Девушка оставила вопрос без ответа, посмотрела в глаза Михаилу и неожиданно спросила:

— У вас есть в Москве хороший ювелир?

— Естественно. Вы хотите что-то купить?

— Я бы хотела кое-что предложить. — Она снова остановила на Михаиле взгляд. — Вы поможете мне?

— Постараюсь.

— Выпьем за это, — она подняла бокал и вдруг что-то вспомнила. — Простите, я через минуту.

Сонька быстро покинула купе и направилась в сторону тамбура. По пути достала из кармана небольшое зеркальце и, делая вид, будто прихорашивается, навела его на свое купе. Увидела быстро выглянувшего оттуда Михаила. Он осторожно выглянул из купе и, проследив за уходящей девушкой, вернулся обратно. Затем достал из кармана небольшой флакончик, спешно отсчитал несколько капель в фужер Соньки и принял спокойную, расслабленную позу. Наконец Сонька вернулась, Михаил взял свой фужер, потянулся к девушке:

— Ну, за то, чтобы у вас все получилось.

Она хотела чокнуться, но вдруг о чем-то вспомнила.

— Черт, — выругалась она, — у меня небольшая проблема. Вы не могли бы разыскать проводника?

— А что случилось?

— Надо, чтобы он разбудил меня, когда будем проезжать Тверь.

— Сейчас посмотрю.

Михаил вышел. Сонька быстро поменяла фужеры местами и принялась ждать возвращения попутчика. Тот вернулся, с сожалением пожал плечами:

— Не нашел. Но, думаю, он обязательно объявится. — Он взял «свой» бокал, снова потянулся к девушке: — До дна.

— Вы тоже.

Чокнулись, оба выпили до дна.

— А кто у вас в Твери? — поинтересовался Михаил.

— Тетушка, она должна кое-что передать.

— Бриллианты? — хитро сощурился молодой человек.

— А вам бы все хотелось знать? — шутя, стукнула его по плечу Сонька и вдруг зевнула. — Все, расходимся, очень хочу спать. Устала, наверное.

— Может, помочь? — участливо склонился к ней Михаил.

— Сама. Ступайте… — Она тут же медленно откинулась на спинку дивана и отключилась.

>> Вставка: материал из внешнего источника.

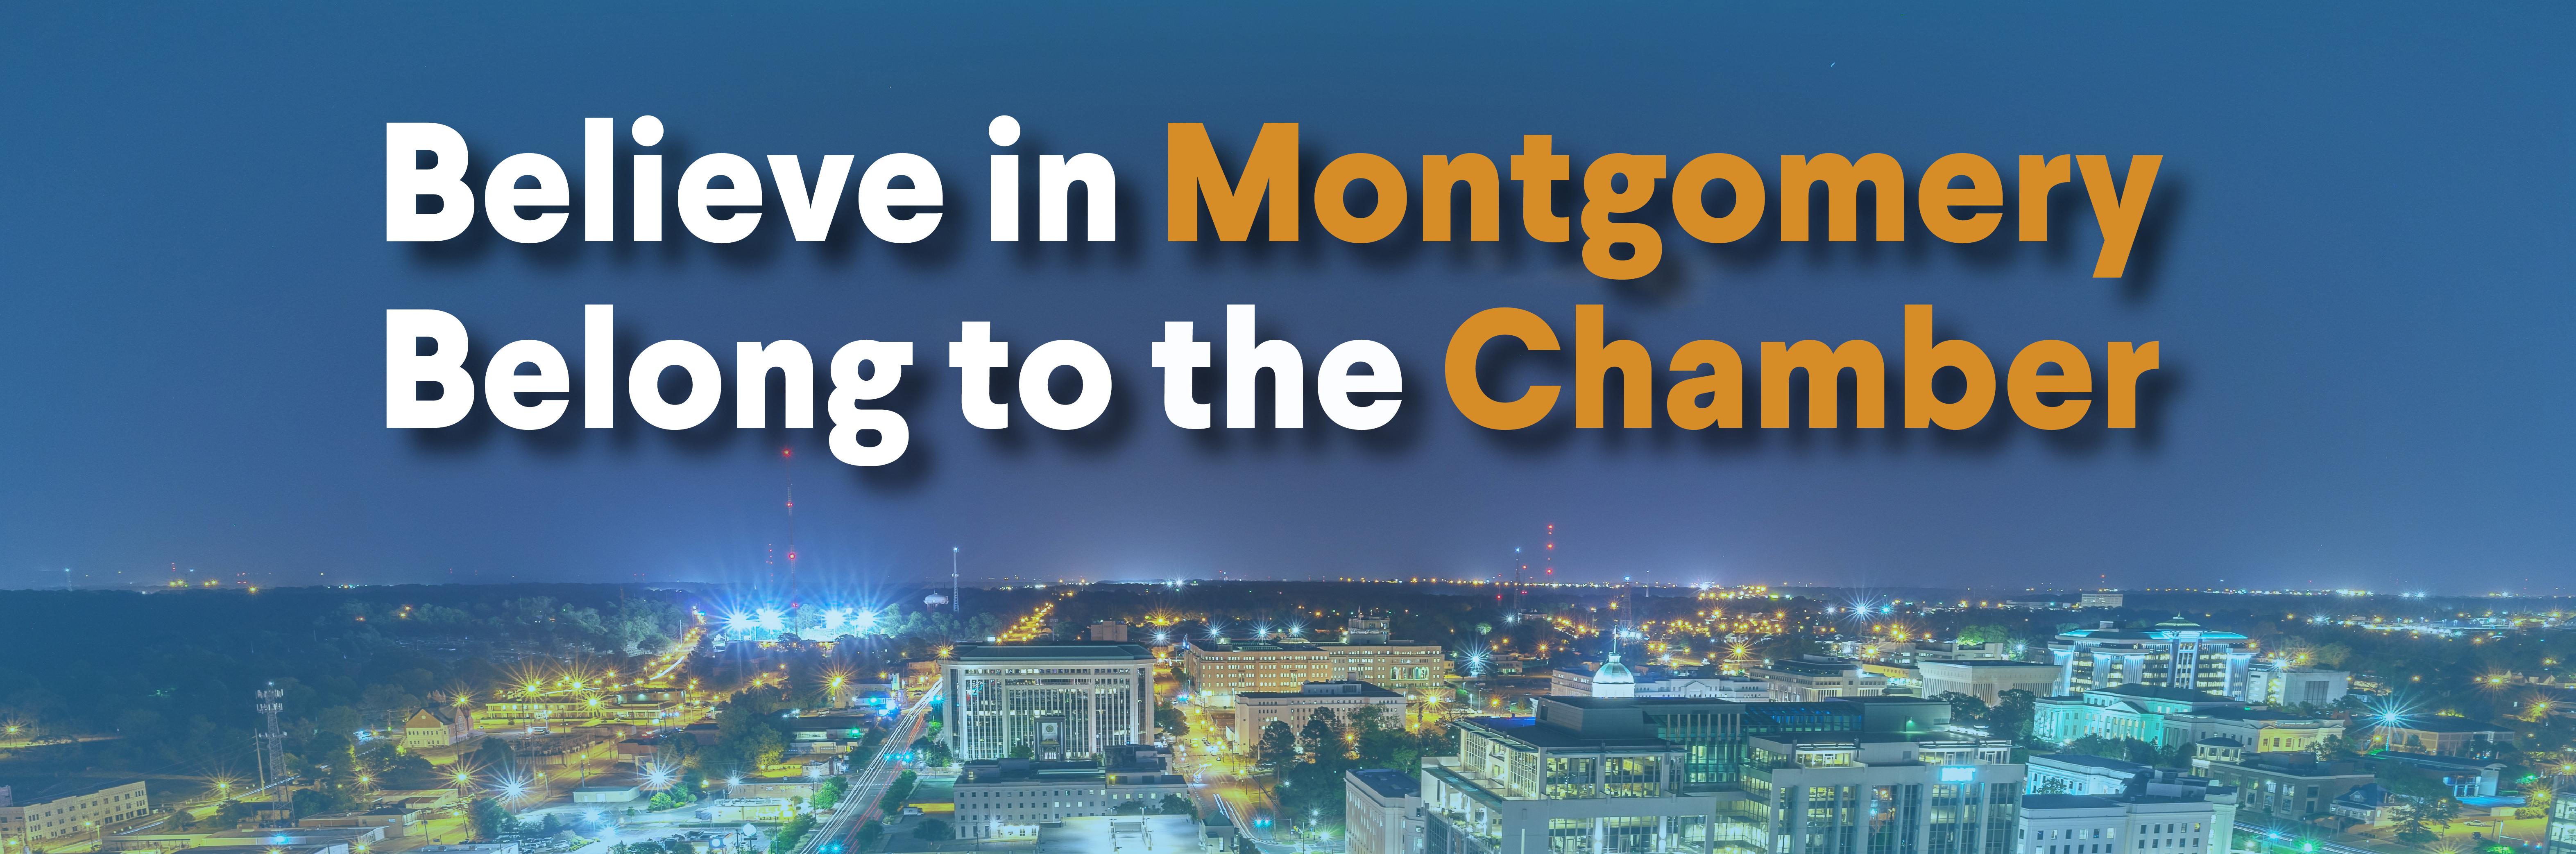 Montgomery Area Chamber of Commerce, Montgomery Chamber. MGMChamber, Montgomery Alabama

Молодой человек закрыл дверь купе, какое-то время постоял над спящей женщиной, на всякий случай похлопал ее по лицу и принялся снимать с пальцев Сони украшения. Михаил работал быстро: уже через несколько минут Сонька услышала стук закрывшейся двери. Она выждала какое-то время и открыла глаза. Немного повременив, воровка вышла в коридор и почти сразу нашла нужное купе: дверь была приоткрыта, а сам Михаил крепко спал, нелепо пристроившись на полке, не успев даже спрятать снятые с Соньки кольца. Сонька не спеша собрала их, сняла с пальцев Михаила перстни и вернулась в свое купе.

* * *

День был в самом разгаре. Сонька сидела у окошка и наблюдала за проплывающей мимо унылой, спокойной российской жизнью. На пальцах по-прежнему сверкали кольца. В дверь купе постучали, вошел Михаил. Лицо его было помято, глаза красные. Он закрыл дверь, сел напротив девушки.

— Тебя как зовут?

— Софья. — Сонька насмешливо смотрела на него.

— А по-настоящему?

— Сонька.

— Тоже воровка?

Она молчала, не сводя с него глаз. Он болезненно потер виски.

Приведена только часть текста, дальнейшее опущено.